Basho's original, from his "Visions of the Country" album, possessed a crystalline, almost liturgical quality on piano. What Romuald Ballet-Baz has achieved in his guitar adaptation borders on the alchemical. Using the fingerpicking technique Basho himself championed on his own guitar work, Ballet-Baz doesn't simply transpose the piece—he reimagines its architecture entirely. The pentatonic scale that introduces the track immediately signals we've entered sacred territory, that borderland between folk tradition and spiritual inquiry that Basho spent his career exploring.
The decision to transpose the piece to a lower key proves inspired rather than merely practical. Where Basho's piano version floated in the upper registers, Ballet-Baz's arrangement grounds itself, finding earthier resonances that complement Johann Le Roux's vocal timbre perfectly. Le Roux's voice carries a gravitas that feels both ancient and immediate, as though channelling generations of loss while remaining utterly present to this particular moment of grief. His classical training reveals itself not in ornamentation but in breath control, in the way he shapes phrases with the kind of attention typically reserved for art song.
The connection between Ballet-Baz and Le Roux—both classically trained Bretons who've chosen to work in folk idioms—manifests as genuine musical conversation rather than mere accompaniment. Ballet-Baz's fingers navigate Basho's melodic terrain with the precision his classical background demands, yet never at the expense of emotional immediacy. Each plucked note rings with intention, the sustain allowed to decay naturally, creating those pregnant silences that give the piece its meditative quality.
That Steel & Velvet chose this particular Basho composition to open their new project reveals considerable aesthetic intelligence. "Orphan's Lament" carries, as they note, a universal aura—its dedication to orphans speaks to anyone who's experienced abandonment, literal or metaphorical. As an introduction to Joshua, their film's protagonist, it establishes him as someone shaped by absence, by what's missing rather than what remains. The choice also positions Steel & Velvet within a lineage of artists—from Basho to their beloved Mark Lanegan—who understood that the most profound statements often arrive stripped of excess.
The track benefits immeasurably from the production values Steel & Velvet have made their signature. The recording captures every string squeak, every subtle shift in Le Roux's breathing, every harmonic that rings out from Ballet-Baz's guitar. This isn't the obsessive detail of audiophile fetishism but rather the clarity required to honour Basho's vision—music that demands you lean in, that refuses to compete with distraction.
One might question whether a group should open their second EP with a cover, particularly when they've demonstrated songwriting capability with pieces like "Poppy Field." Yet this concern dissolves in practice. "Orphan's Lament" functions less as cover and more as interpretation, the way a great actor doesn't simply recite Shakespeare but finds new depths in familiar text. Steel & Velvet have absorbed Basho's piece so thoroughly that it emerges bearing their fingerprints, speaking in their accent while honouring the original dialect.

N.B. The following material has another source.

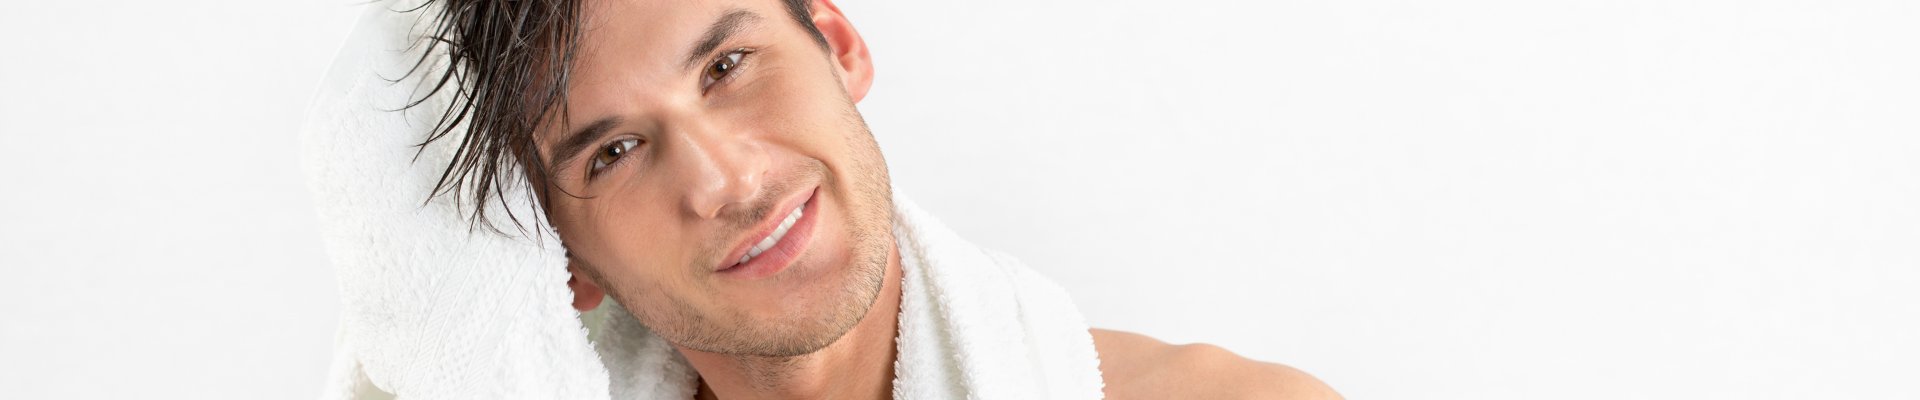 Men's Hair - Silky Hair - Healthier Hair

"Orphan's Lament" ultimately reminds us that covering songs needn't be an act of nostalgia or tribute but can constitute genuine artistic statement. Steel & Velvet haven't merely preserved Robbie Basho's 1978 composition—they've carried it forward, found new soil for it to root in, discovered what it might say to audiences nearly five decades removed from its creation. That they've done so while introducing their own narrative character and aesthetic project only deepens the achievement. The orphans Basho sang for have found worthy advocates in these Breton musicians, who understand that the profoundest consolation often arrives in the simplest arrangements: a voice, a guitar, and the courage to let silence do its work.